Kirchhoff’s crucial insight was that a blackbody’s emissive power \(R\) was determined by only two factors: the emitted wavelength \(\lambda\), and its temperature \(T\). At around the same time, Josef Stefan empirically determined that the total radiation emitted by a blackbody is proportional to \(T^{4}\), meaning that the total power across all wavelengths, as a function of temperature, may be written as: \[ R(T) = \int_{0}^{\infty} R(\lambda, T) \ d\lambda = \sigma T^{4} \tag{1.1}\] The constant \(\sigma \approx 5.68 \times 10^{-8}\) is the Stefan-Boltzmann constant. While this relation was known, the functional form of \(R(\lambda, T)\) eluded physicists at the time. In the early 20th century, Lord Rayleigh and Sir James Jeans used a purely classical approach and arrived at a closed-form expression for this function:

Theorem 1.1 (Rayleigh-Jeans Law) \[ R(\lambda, T) = \frac{8 \pi k_B T}{\lambda^{4}} \] Here, \(R(\lambda,t)\) denotes the power emitted per unit area.

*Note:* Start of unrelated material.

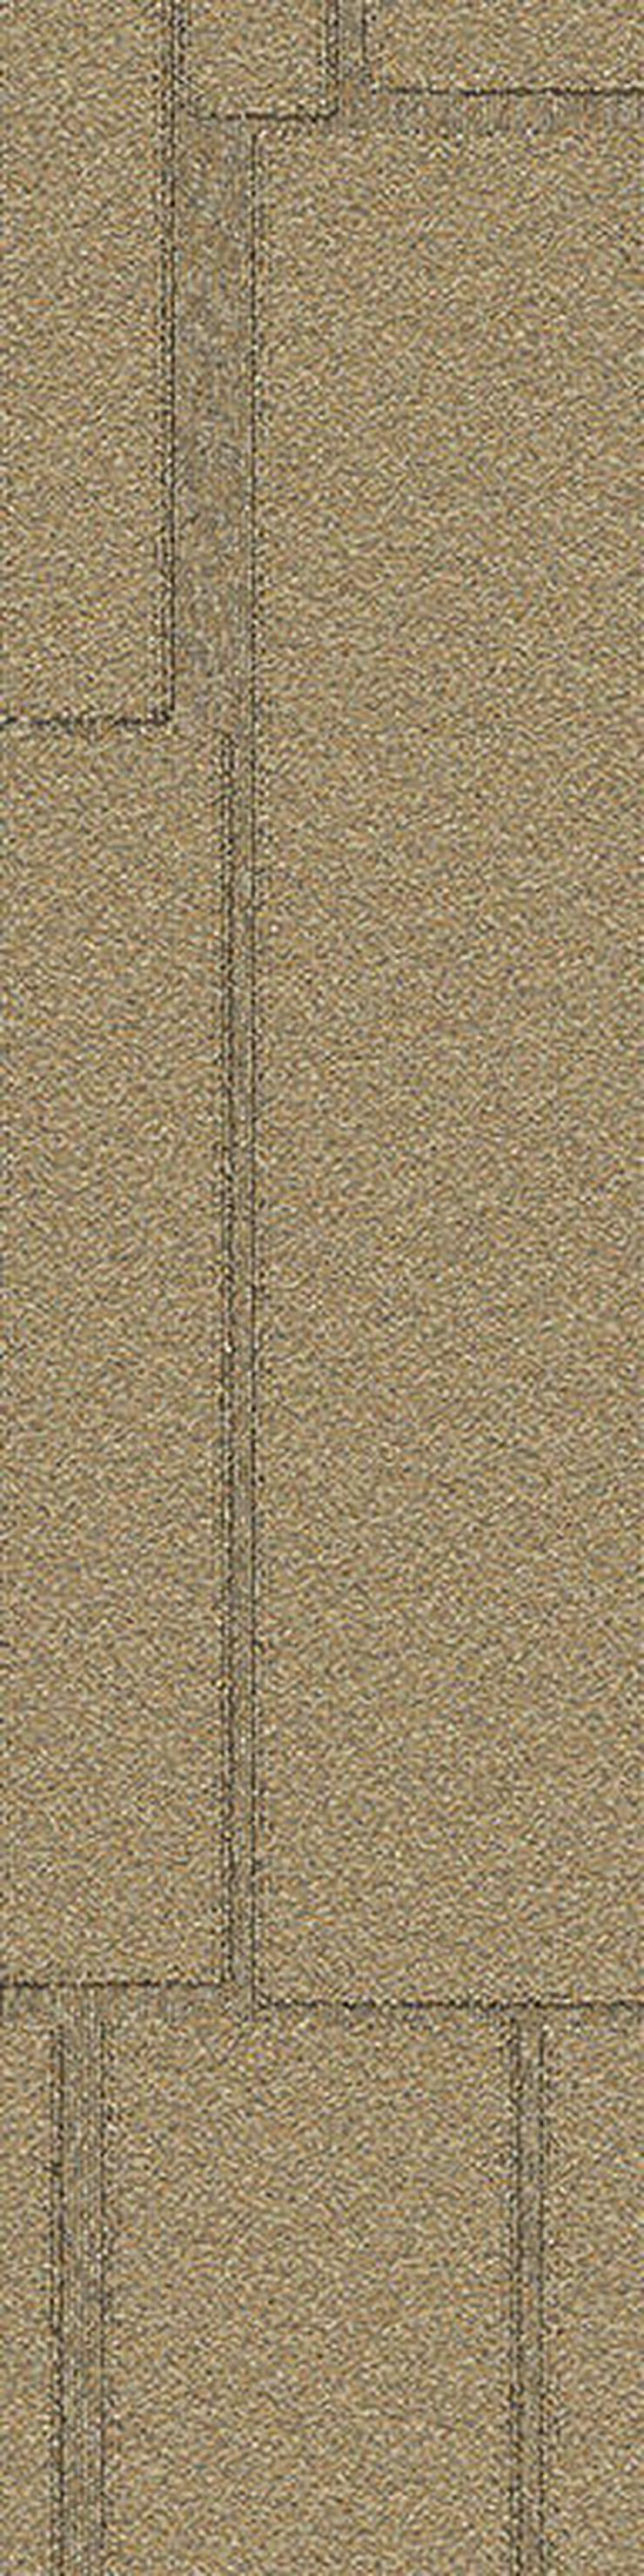 25 x 100cm Teppichfliesen mit schönem Muster * ANGEBOT! - Teppiche - Bild 8

But, there is a problem with this formula! This formula predicts that, for sufficiently small \(\lambda\), objects should emit an enormous amount of energy, given the \(\lambda^{4}\) scaling in the denominator. Putting this into Equation 1.1 would result in infinite power across all wavelengths, since the integral diverges as \(\lambda \to 0\). Thus, while the Rayleigh-Jeans law accurately predicted experimental results for radiated power at high wavelengths, it failed to do so for lower wavelengths in the ultraviolet range and predicted infinite power across all wavelengths, which is certainly nonphysical; this discrepancy is what is known as the ultraviolet catastrophe².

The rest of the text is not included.